Likewise in Japan investors sold the Japanese yen and pushed up the Nikkei 225 index. The chart below shows the struggle facing investors in the first quarter of the year as stocks slid and then again tested the lows after a half-hearted rally. And as the investing community discounts the reality of an imminent increase in the consumption tax, it appears that they are similarly prepared to assume more stimulus from the Bank of Japan as it too contends that the momentum may at least temporarily falter. Consumers spent more in advance of the imposition of the sales tax to benefit from lower prices and are expected to stay at home once it comes into play.

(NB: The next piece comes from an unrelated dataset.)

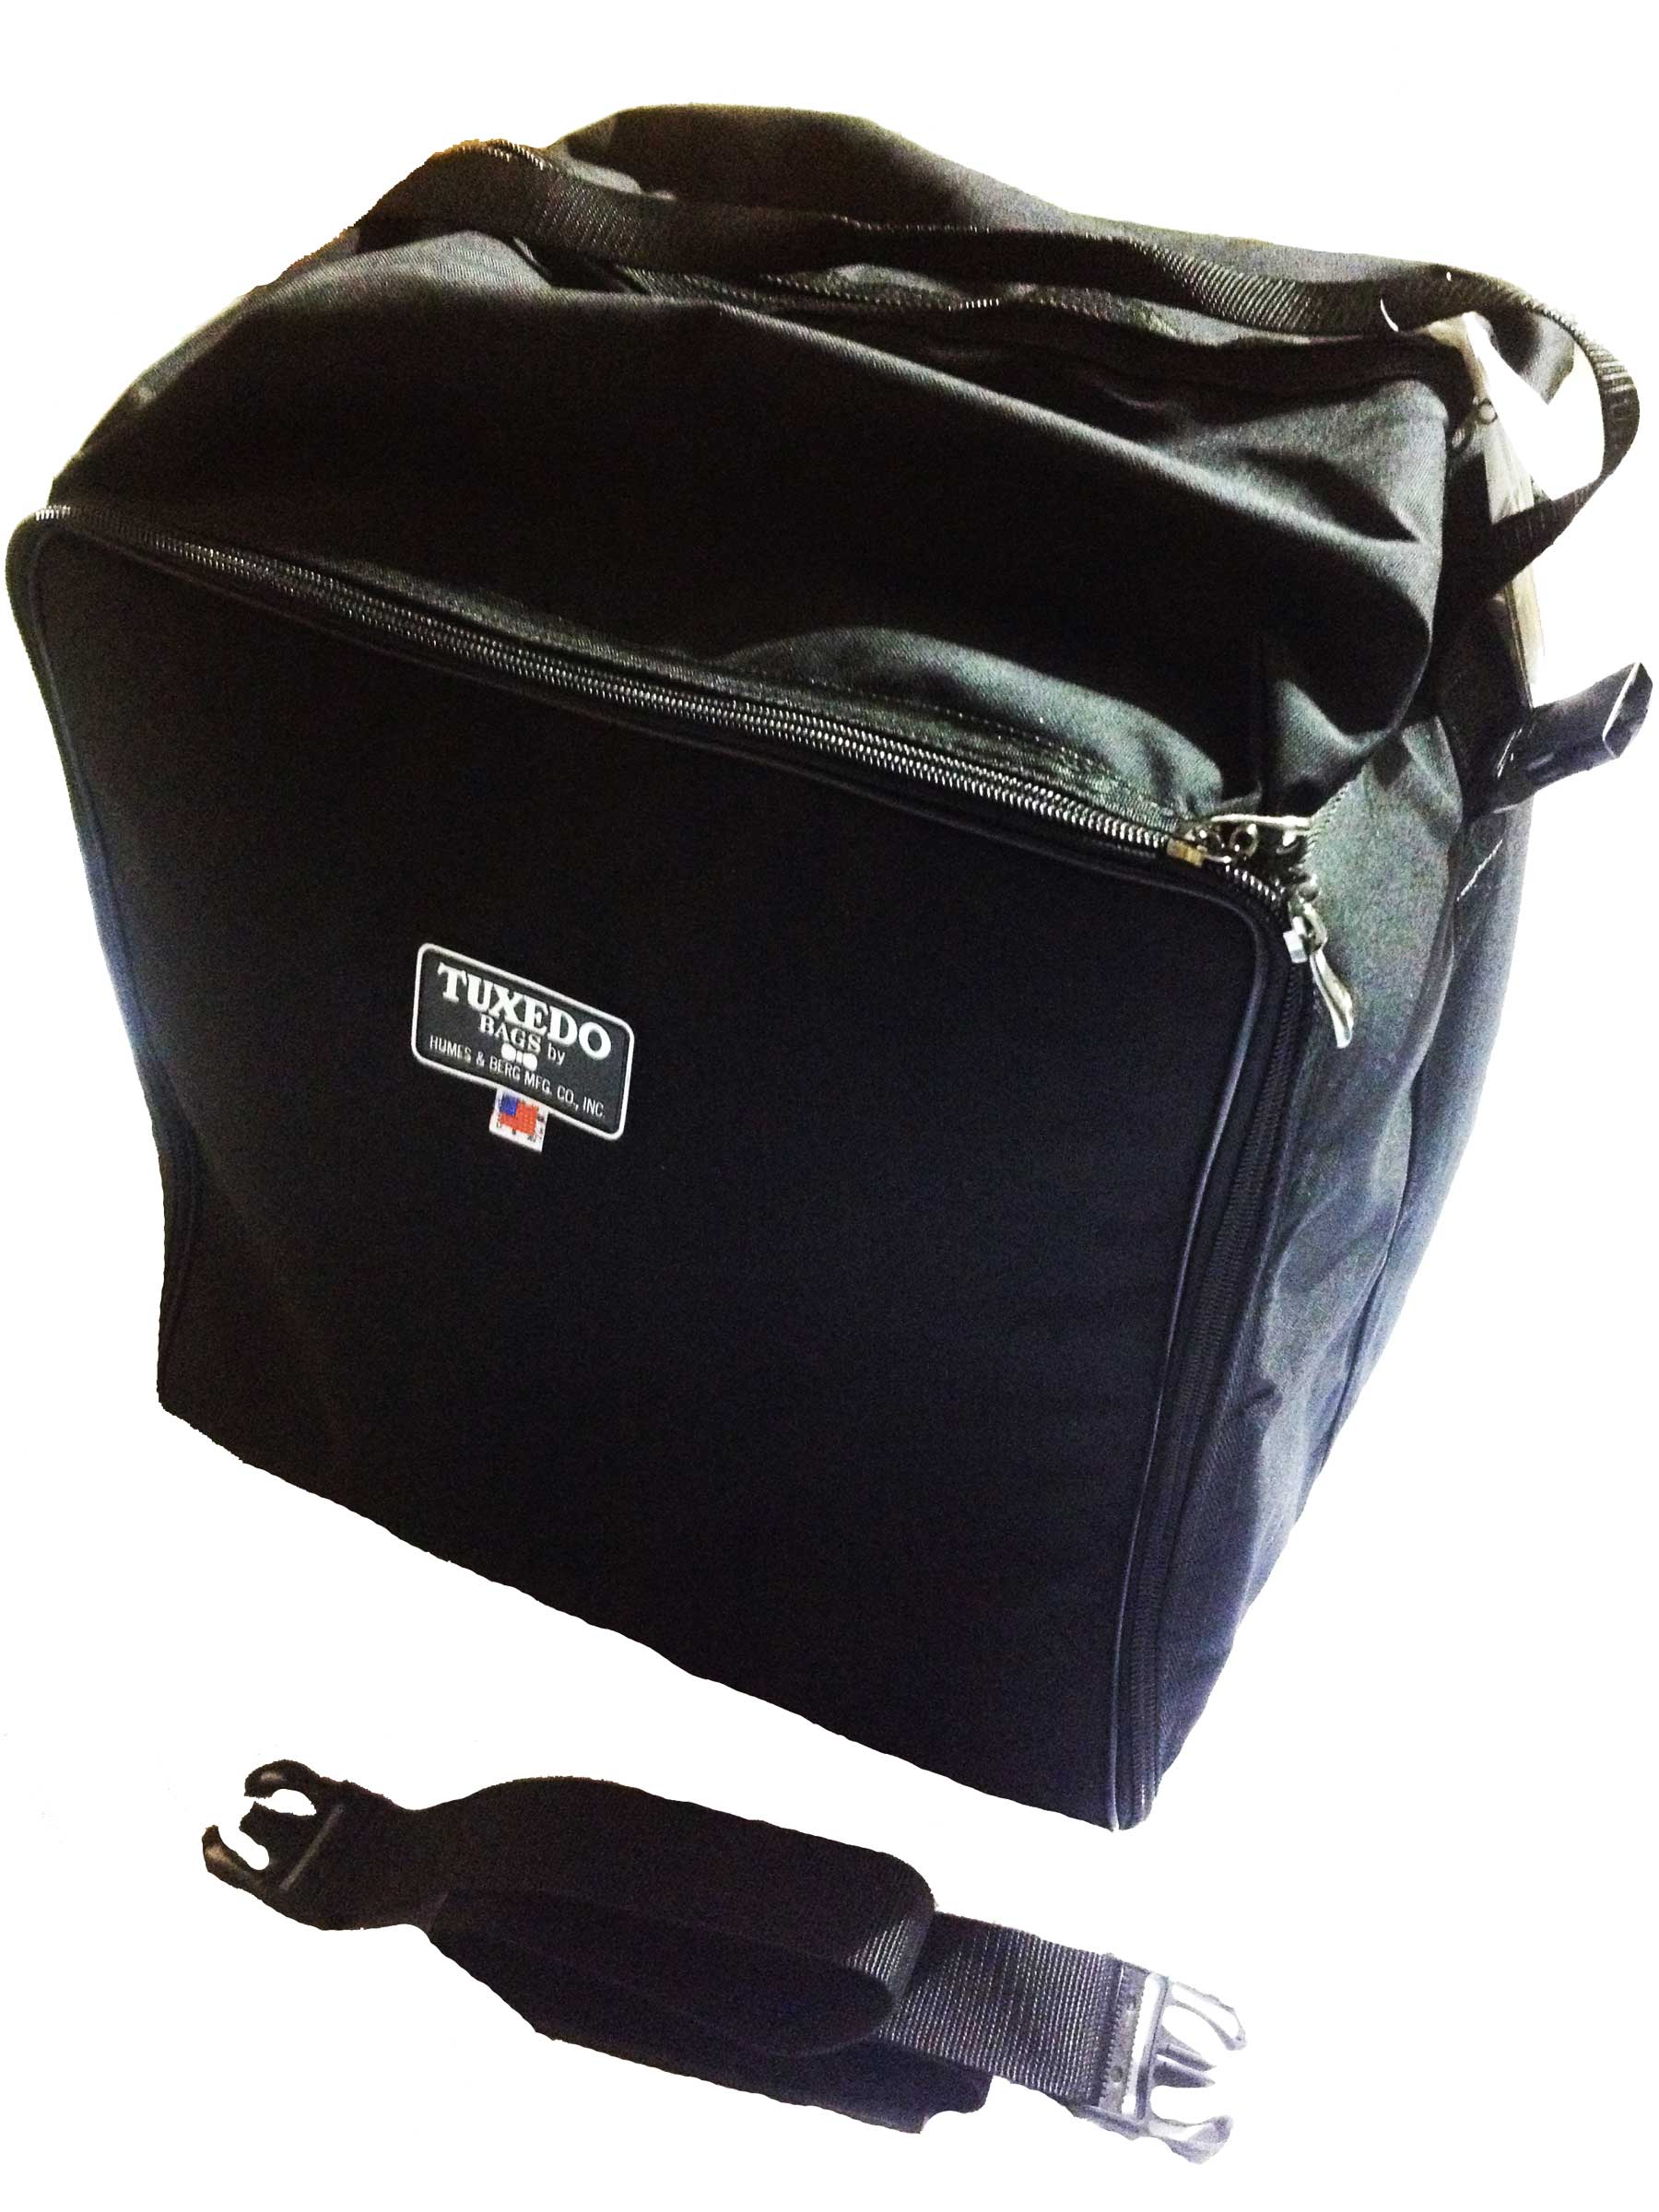 H&B Tuxedo Square 5 x 14 Inches Ext Snare Drum Bag

Overnight the Tankan survey captured the mood well. The survey of 10,500 companies showed a quarterly rise of a single point in manufacturers’ mood to a six-year high. However, the outlook index declined by six points to a one-year low. The air of optimism appears to be weakening the yen, which fell to its weakest against the U.S. Dollar Index (NYBOT:DXH14) in three weeks and in turn is boosting the Nikkei 225 index.